---
title: Disaster Recovery from LiteFS Cloud
layout: docs
nav: litefs
---
<%= partial "/docs/partials/docs/litefs_sunset" %>
The biggest advantage of using LiteFS Cloud is that you have backups
to restore from in case of an unfortunate situation where you lose
all the nodes in your cluster. In this doc, we'll show you how to restore
your cluster from LiteFS Cloud if you've lost all the nodes.
<section class="important icon">
**Important:** You should only follow the steps in this document if you've lost all
nodes of your LiteFS cluster. Otherwise, you can
[restore from a LiteFS Cloud backup](/docs/litefs/cloud-restore).
</section>
## Start your app up with only the primary node
It's simpler to recover a single node, rather than several nodes, so to
start out with, it's best to remove all replica nodes and run just a
primary node.

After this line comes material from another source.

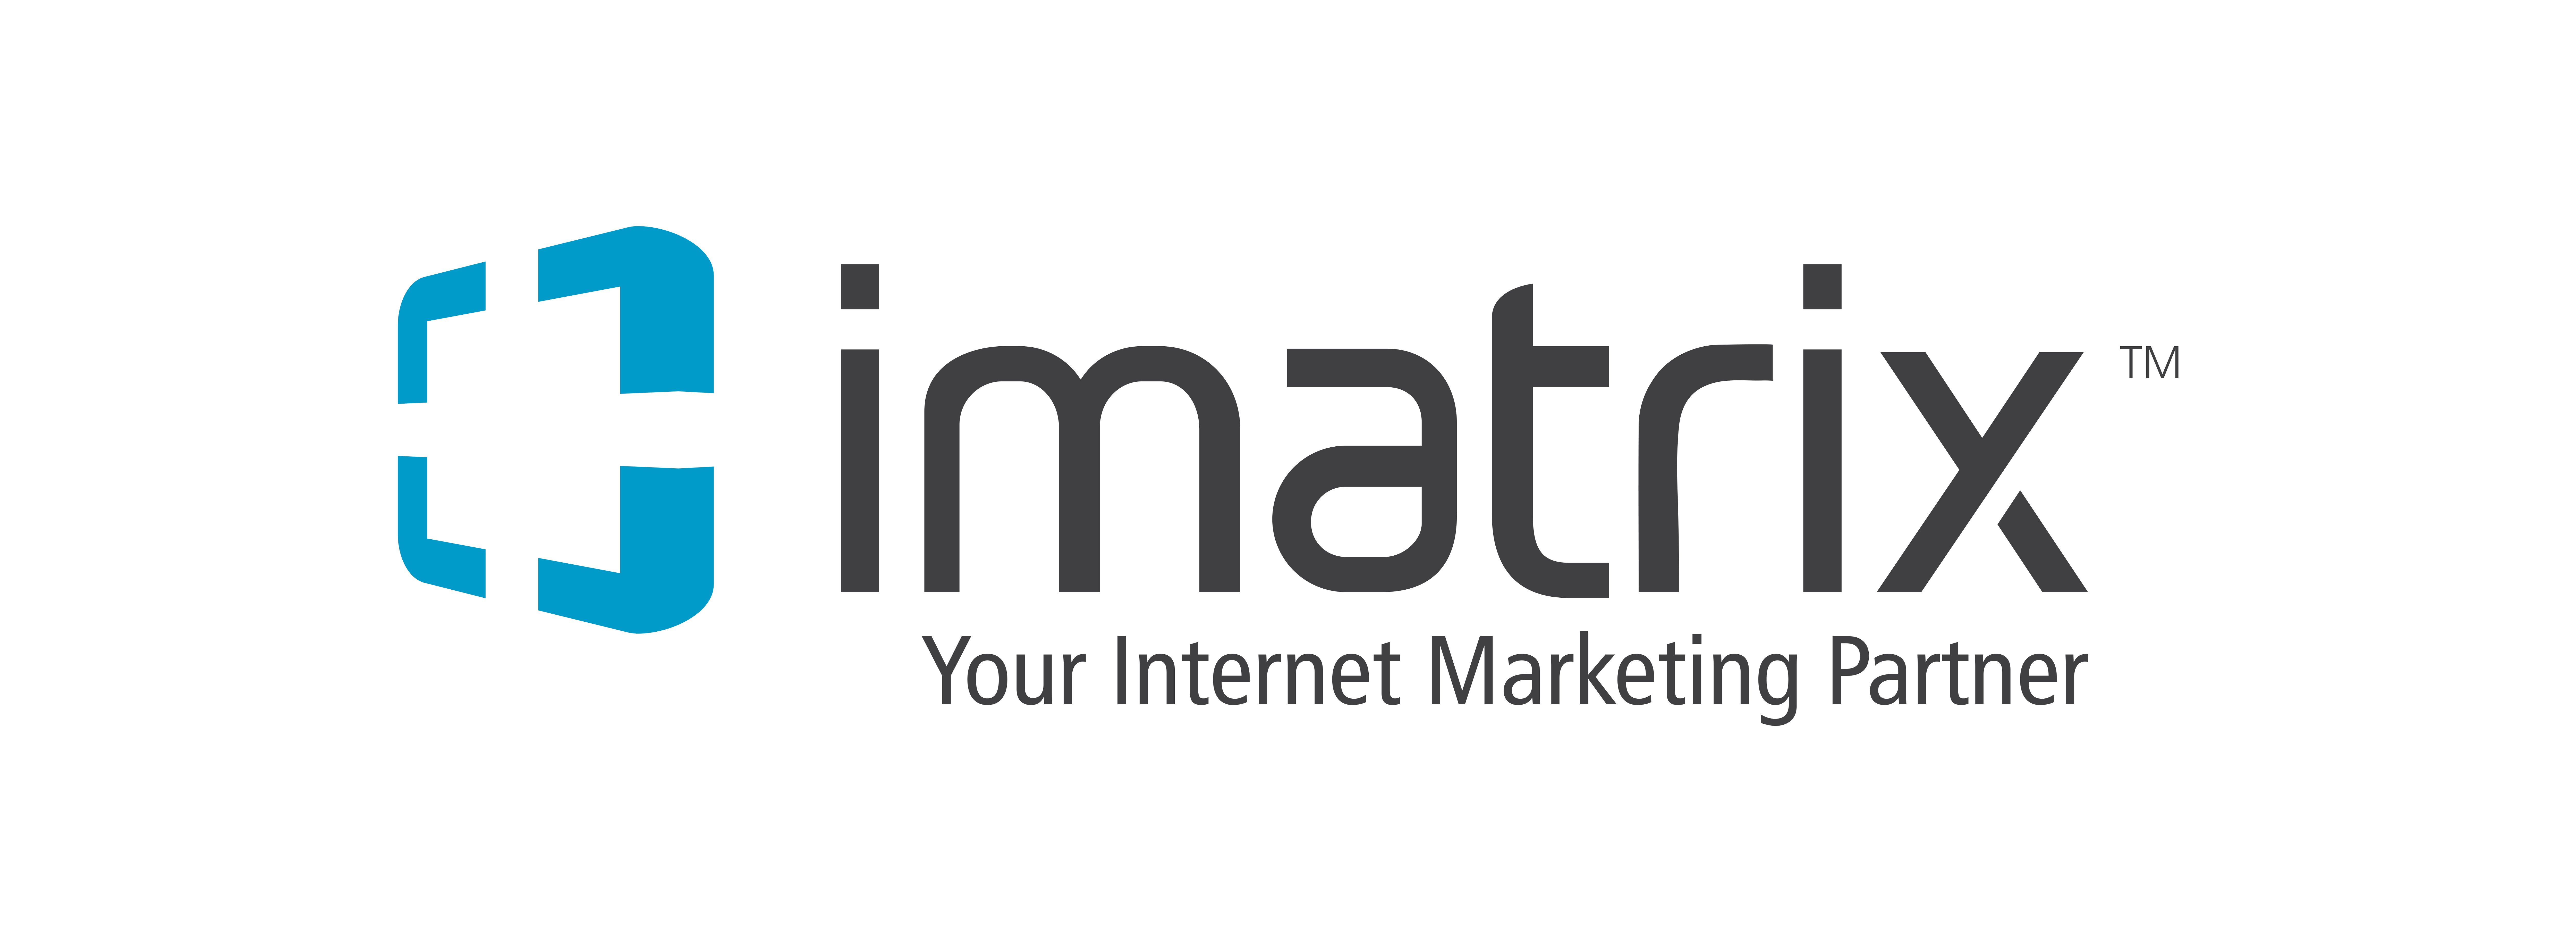 iMatrix Announces Re
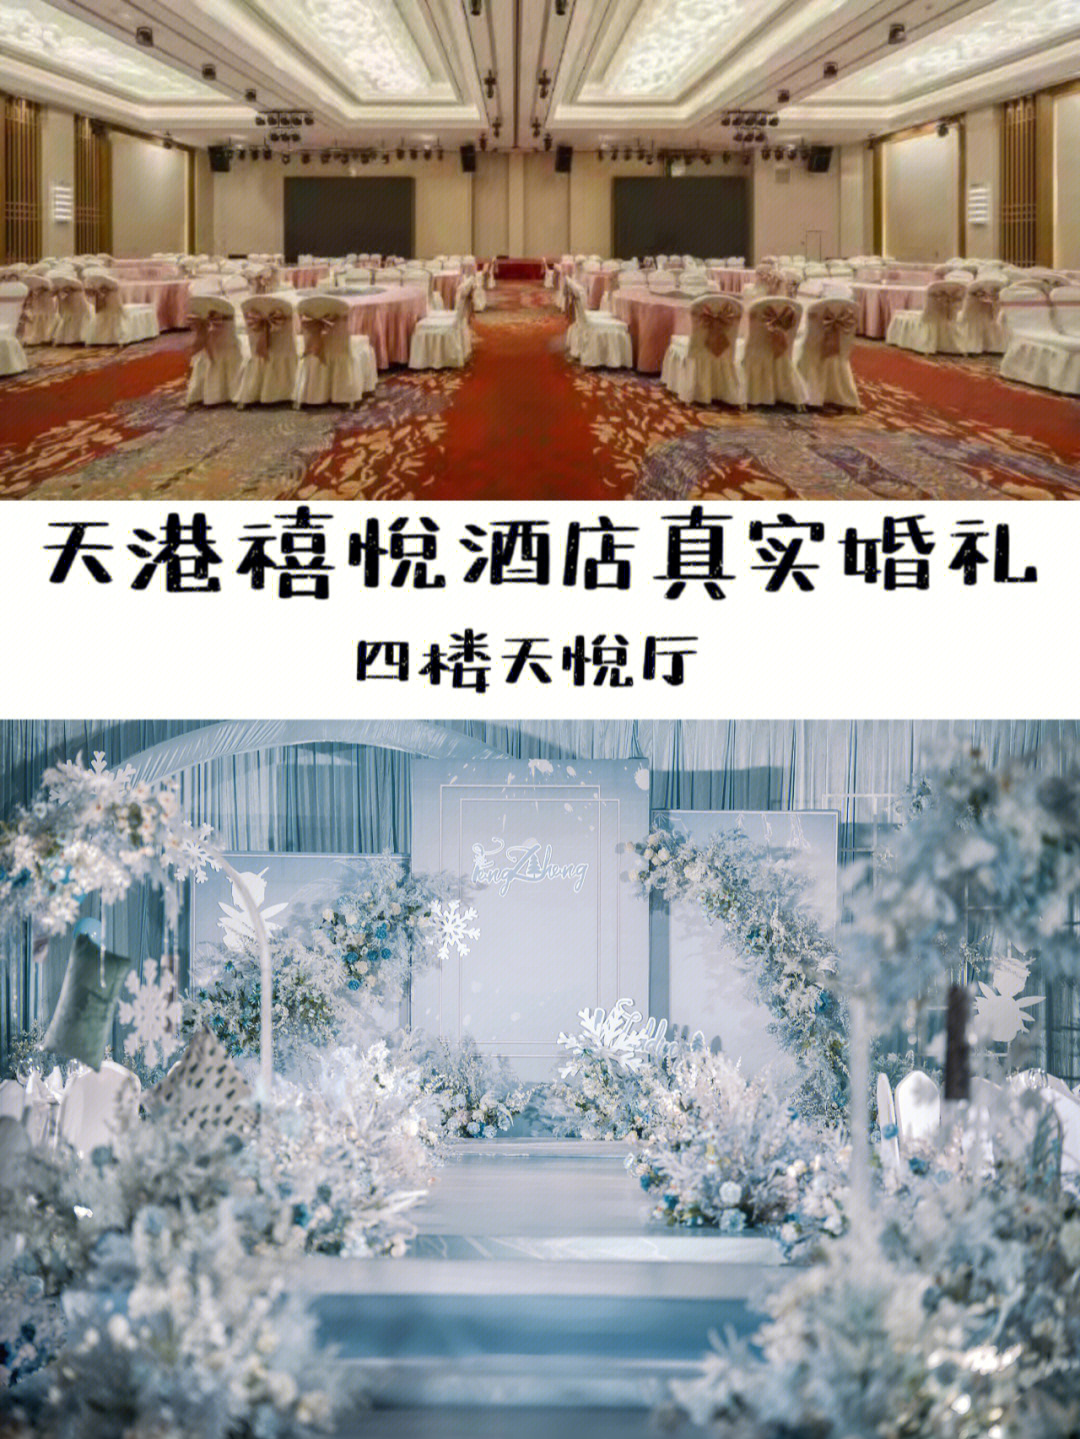 济南禧悦东方酒店婚宴图片

If your app hasn't already restarted before you got here,
just restart it with only the primary node and move on to [the next step](#find-the-correct-cluster-id)!
If your app has already restarted with multiple nodes running, you should temporarily
remove all of the replicas.
If you're running your app on the Fly Platform, you can see the machines running your app with:
```sh
fly status
```
You'll see something like this:
```
Machines
PROCESS ID VERSION REGION STATE ROLE CHECKS LAST UPDATED
app 784e900c2de378 1 ams started primary 2023-07-10T13:05:40Z
app e784e471b39208 1 ord started replica 2023-07-10T13:01:16Z
```
Then destroy each machine that's marked `replica`:
```sh
fly machines destroy e784e471b39208
```
You can re-run `fly status` after you're done, to confirm you only have the primary running.
## Find the correct cluster id
When your app restarted, LiteFS generated a new cluster id, which is different
than the cluster id stored in LiteFS Cloud. This is a safety measure: we don't want
to accidentally overwrite data in a cluster if you inadvertently set the wrong LiteFS
Cloud token for the app. You'll see some error messages in the LiteFS logs, similar
to this:
```
level=INFO msg="backup stream failed, retrying: fetch position map: backup client error (422): cluster id mismatch, expecting \"LFSC25AD000F32ED02A9\""
```
If you're running on the Fly Platform, you can see the logs with:
```sh
fly logs
```
Note the cluster id specified at the end of the log message: `LFSC25AD000F32ED02A9` in
our example. Copy this value to use later.
## Update the cluster id
Now that you have the correct cluster id, you can connect to your primary node and
update the cluster id file. If your app is deployed on the Fly Platform, you can
connect with:
```sh
fly ssh console
```
Then update the `clusterid` file:
```sh
echo LFSC25AD000F32ED02A9 > /var/lib/litefs/clusterid
```
After this, you should restart LiteFS. If you're using the Fly Platform, close
your ssh session, and then restart your app:
```sh
fly app restart
```
Check your logs again, and confirm you don't see the cluster id error message anymore!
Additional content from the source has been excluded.